Leaving the pictures aside, transcribe the data below exactly.

Dataset excerpt:
□ □ □ □ □ □ □

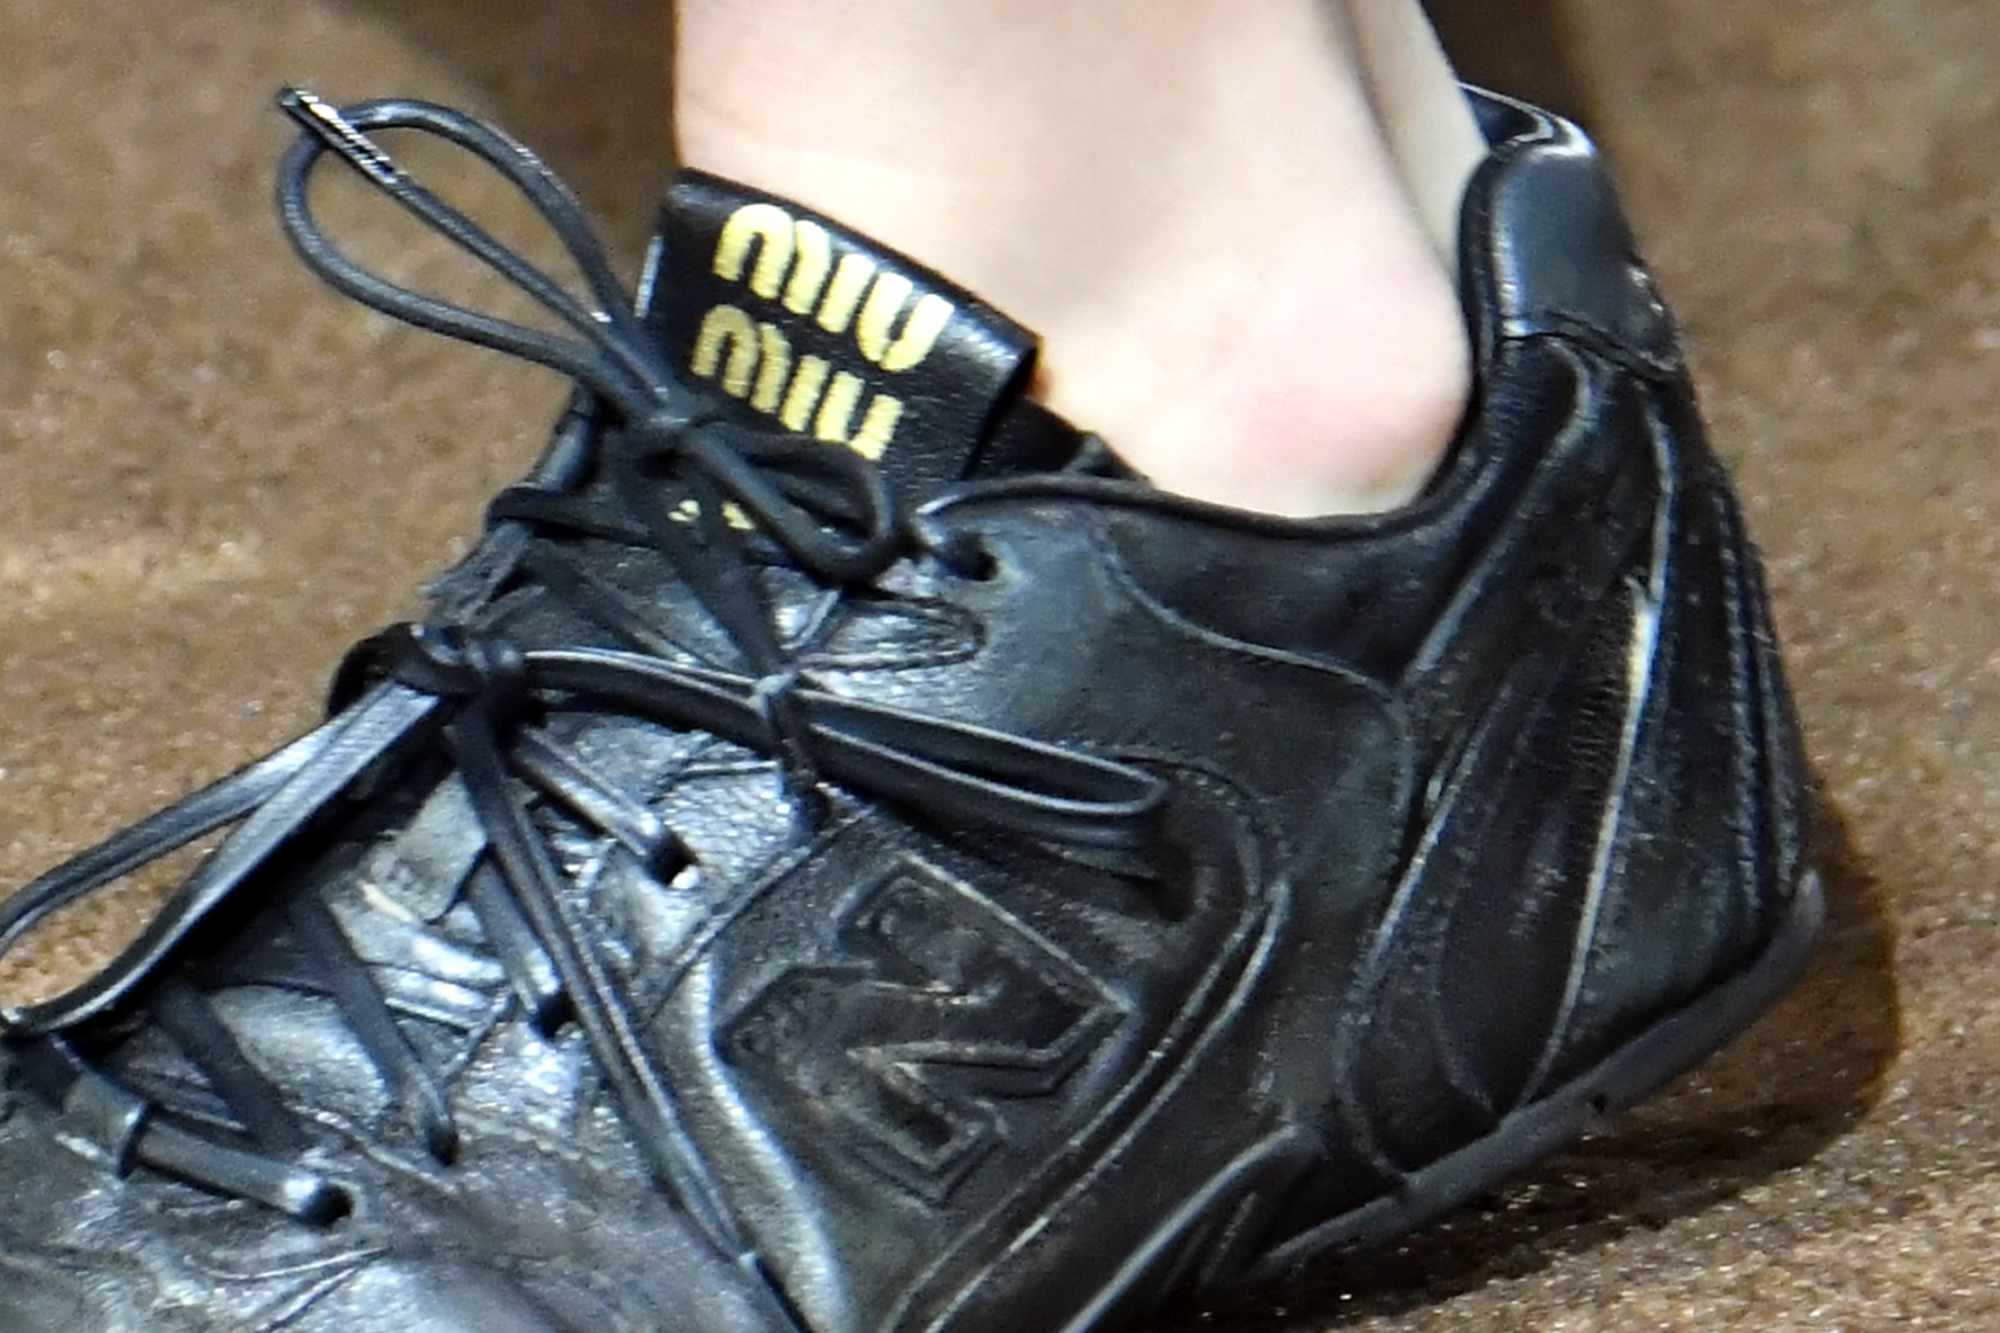 Miu Miu's black New Balance 530 sneaker with a flat sole
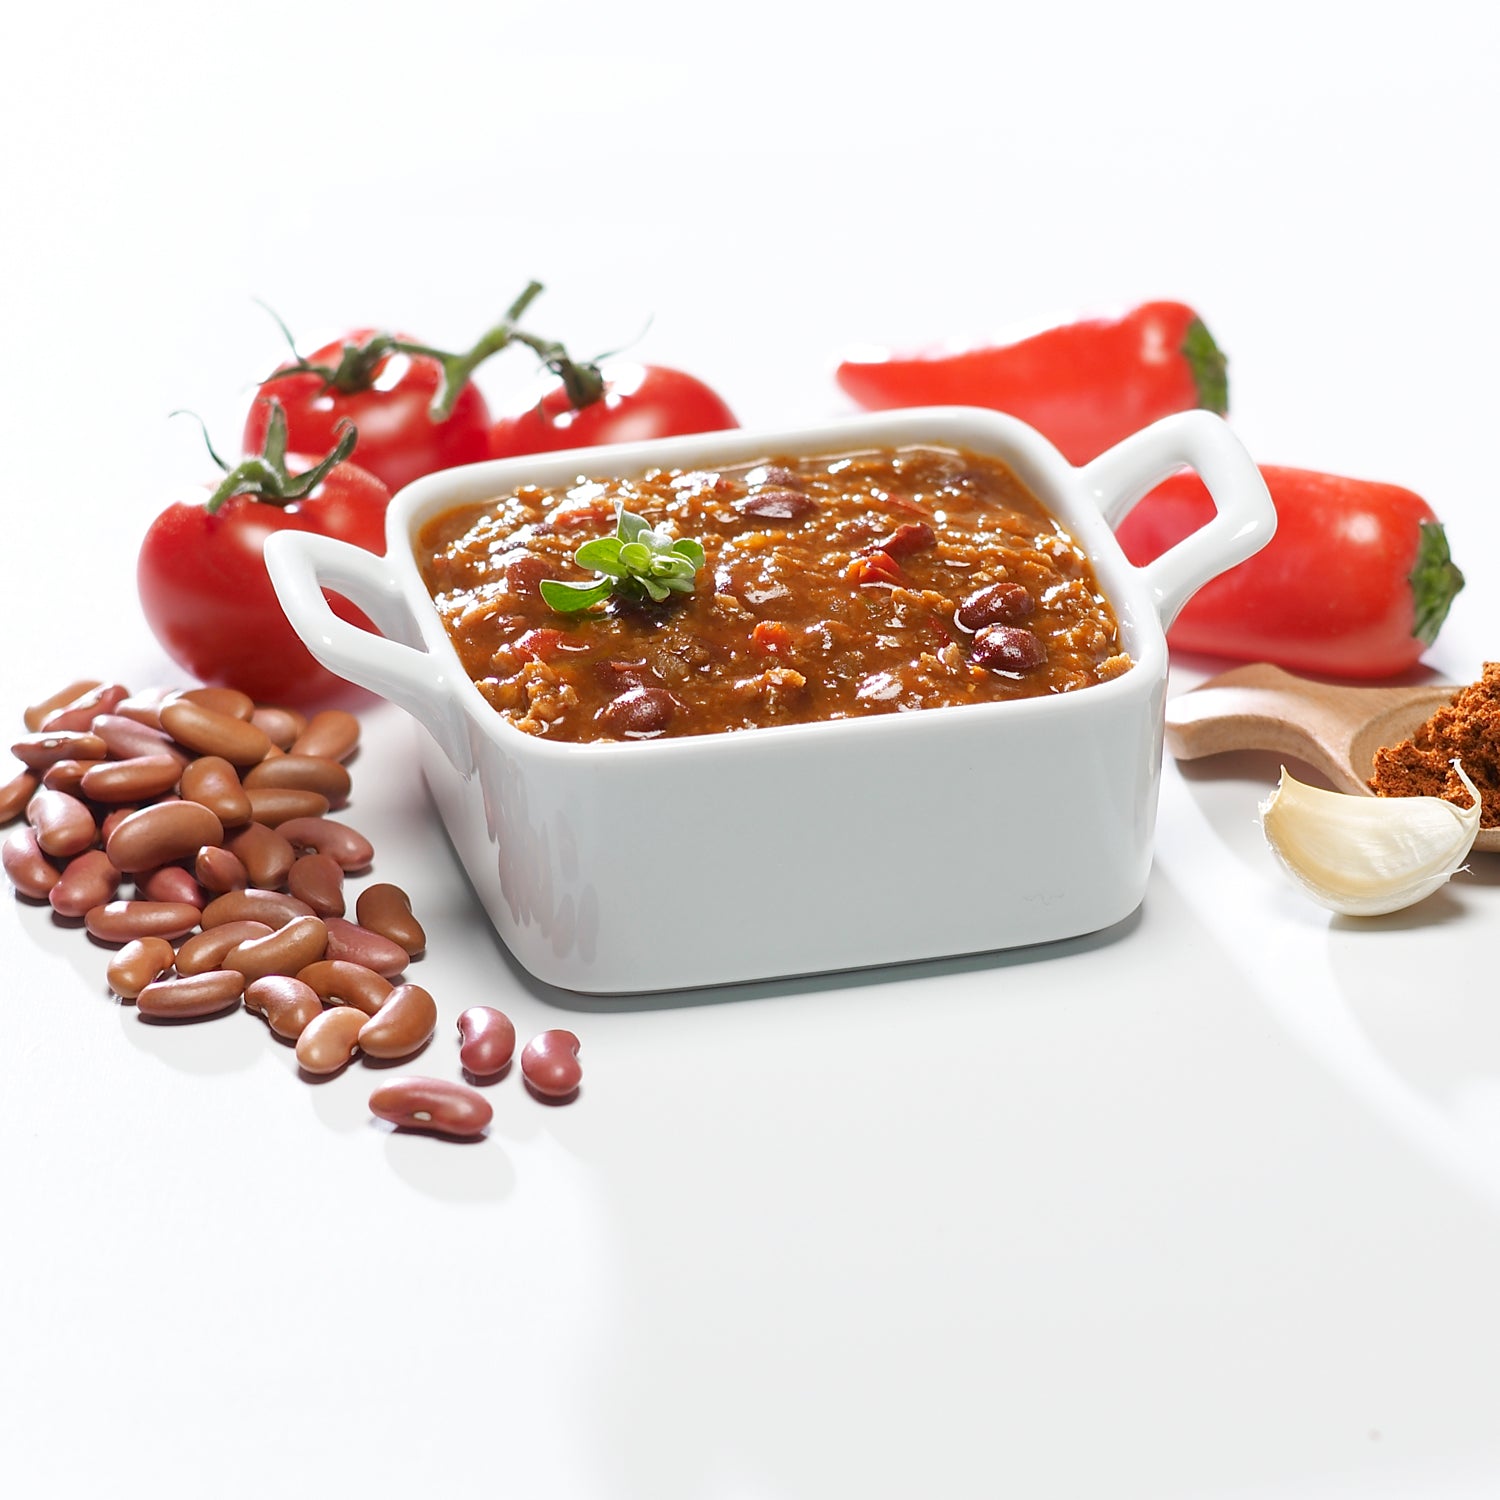 Proti meal – vegetable chili
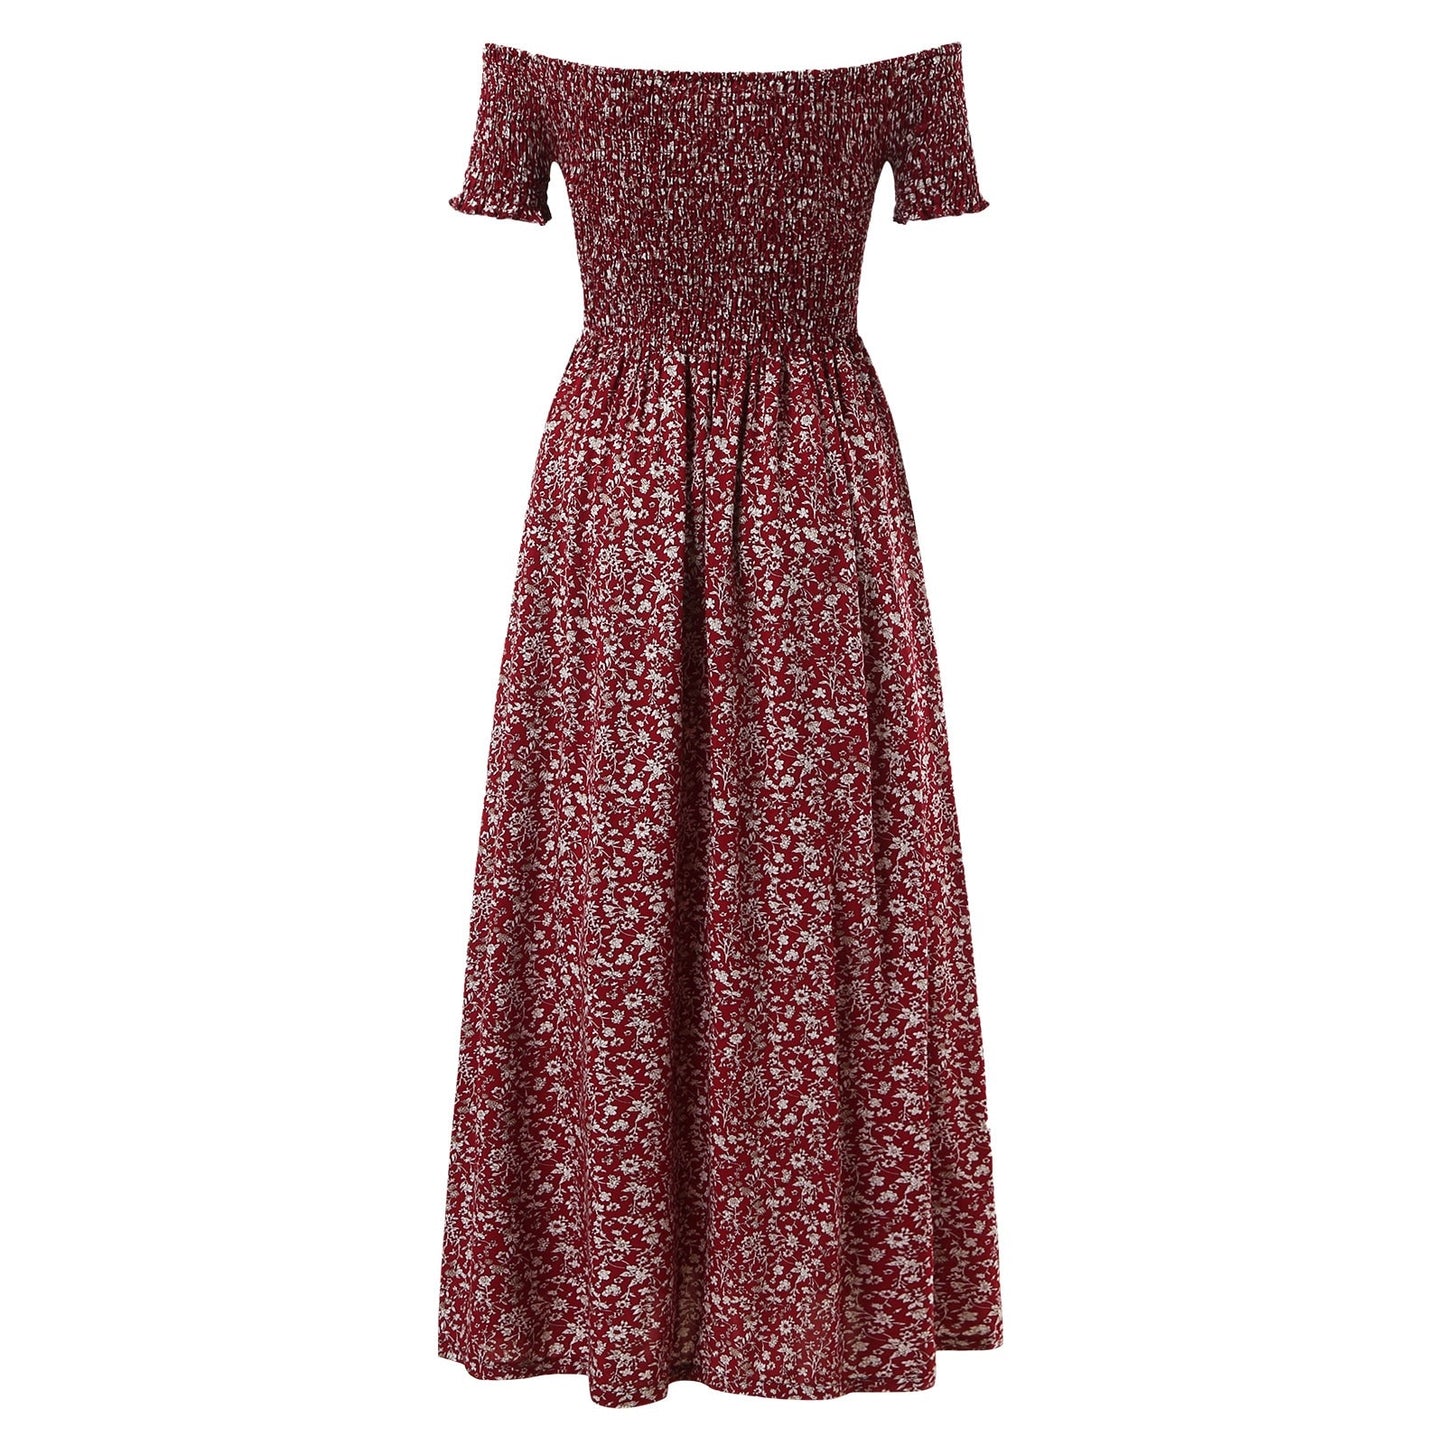 Women Long Summer Dress Casual Plus Size Flower Print Maxi Dresses- WD8183

□ □ □ □ □ □ □

Reply to the task:
 Miu Miu's black New Balance 530 sneaker with a flat sole
 Proti meal – vegetable chili
 Women Long Summer Dress Casual Plus Size Flower Print Maxi Dresses- WD8183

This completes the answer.